The brand, under the stewardship of Jean-Marc Pontroué, is hard to ignore, which is precisely its aim. “Let’s face it,” says Pontroué, “the individuals who buy Fine Watches are people who have it all. We develop our products for them, and therefore we aim to be spectacular. Don’t bother looking for a three-hander at Roger Dubuis. Yes, we do make them, for example the Excalibur 42 Automatic that we are presenting here as a 188-piece limited edition, but we inject a touch of originality in the form of the stone dial with engraved Roman numerals. Our ambition lies elsewhere: to surprise, astonish, and be bold. Like Ferrari whose cars are the polar opposite of a functional vehicle.”

One could deduce that Roger Dubuis makes watches that aren’t watches. Unlike Magritte’s pipe, however, they have a very real consistency, all the more so since they leave no-one indifferent. The most telling example, which stands like a trophy amidst the collections on show in Hong Kong, is the Excalibur Spider Pocket Time Instrument, an offshoot of the Quatuor that was released in 2013 and whose four sprung balances work in pairs to deliver a rarely achieved frequency of 16 Hz (115,200 vph). Yet another timepiece that goes against the horological grain? “People are talking about nothing else but the crisis that is currently plaguing the Asian markets,” continues Jean-Marc Pontroué. “This climate incites watchmakers to occupy the terrain with more affordable pieces. Yet here we are unveiling a timepiece worth half a million, and a pocket watch into the bargain. A lot of people would say this is just basic anti-marketing. And yet we have taken several requests for this watch here in Hong Kong, particularly the diamond-set version. One client has even asked us to make it as a wristwatch. With a 60mm diameter, might I add.” Needless to say, each of these clients will see their wish granted. At the end of the day, nobody at Roger Dubuis would mind were the company to produce nothing but specially commissioned pieces. The wilder the better…

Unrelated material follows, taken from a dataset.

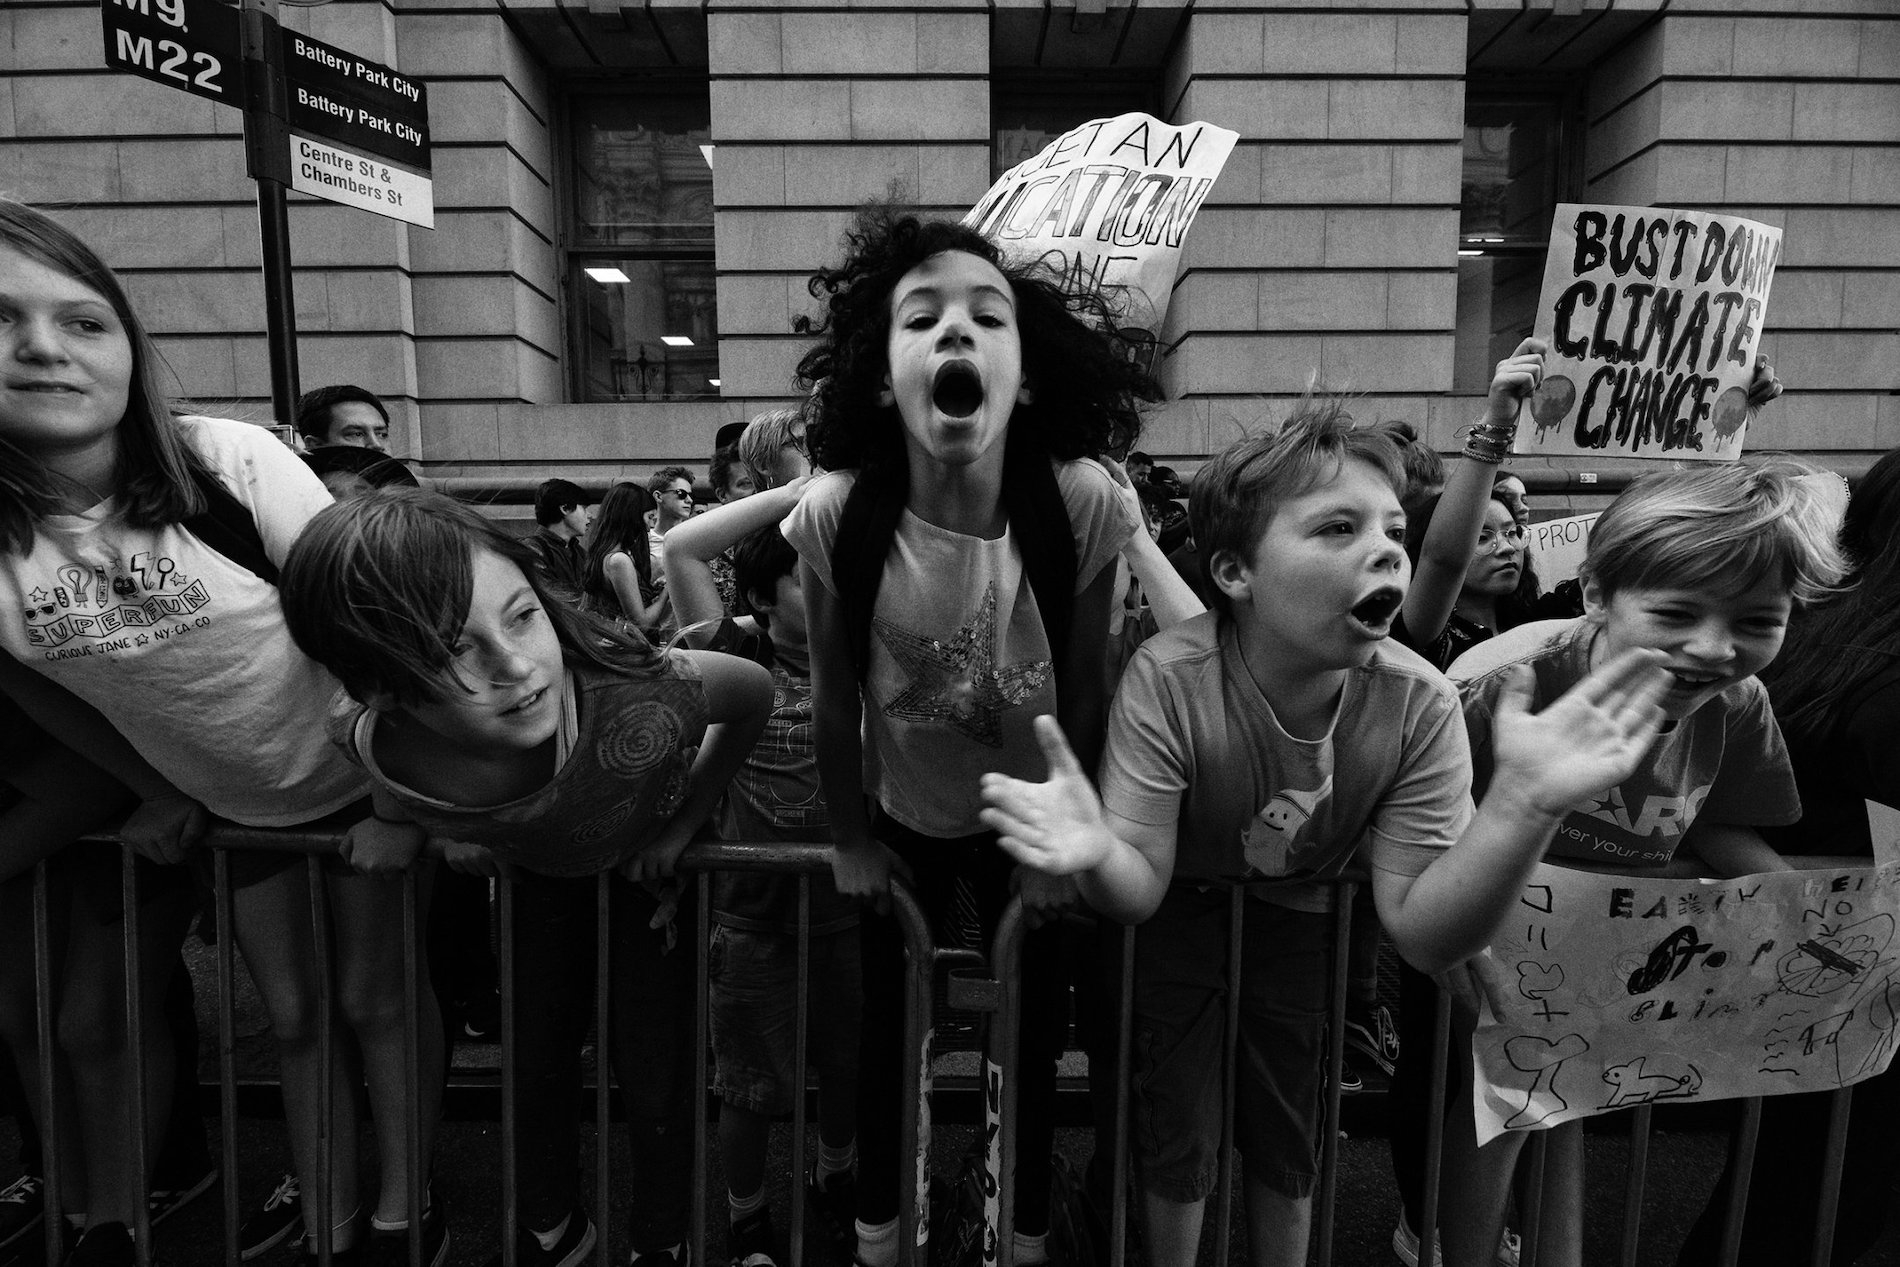 Children chant during a climate protest in New York City on Sept. 20. They were among 4 million people who joined the global climate strike that day, in what was the largest climate demonstration in human history. Dannah Gottlieb

Excalibur Star of Infinity
Femasculine

Alongside such horological flights of fancy, Roger Dubuis has taken the same road as every other brand at Watches&Wonders and that road leads to women’s watches. This is an exercise which the brand has taken in its stride but also on its terms, incorporating the same codes that govern annual production of the Astral Skeleton, in Technical, Automatic and Creative versions. The latter category is host to the extraordinary Excalibur Star of Infinity, a double tourbillon that sparkles like a thousand stars thanks to the 312 baguette-cut diamonds on its case and the 34 diamonds that ornament the star-shaped bridge in a movement that creates multiple transparencies. In an even more precious vein, the brand unveiled the second part of its Excalibur Brocéliande trilogy. Note that the Star of Infinity is driven by the RD15Q calibre – which meets Poinçon de Genève criteria, as does all Roger Dubuis’ production – inside a 48mm case. Again, not your run-of-the-mill timepiece. “We’re used to this kind of excess just as we’re used to fighting for what we want,” concludes Jean-Marc Pontroué. “For example, it took us three years to get into Galeries Lafayette, where we recently inaugurated our twenty-fifth boutique. This proves we are no longer a niche brand and that our exuberance is impossible to resist.” Roger Dubuis continues to make waves.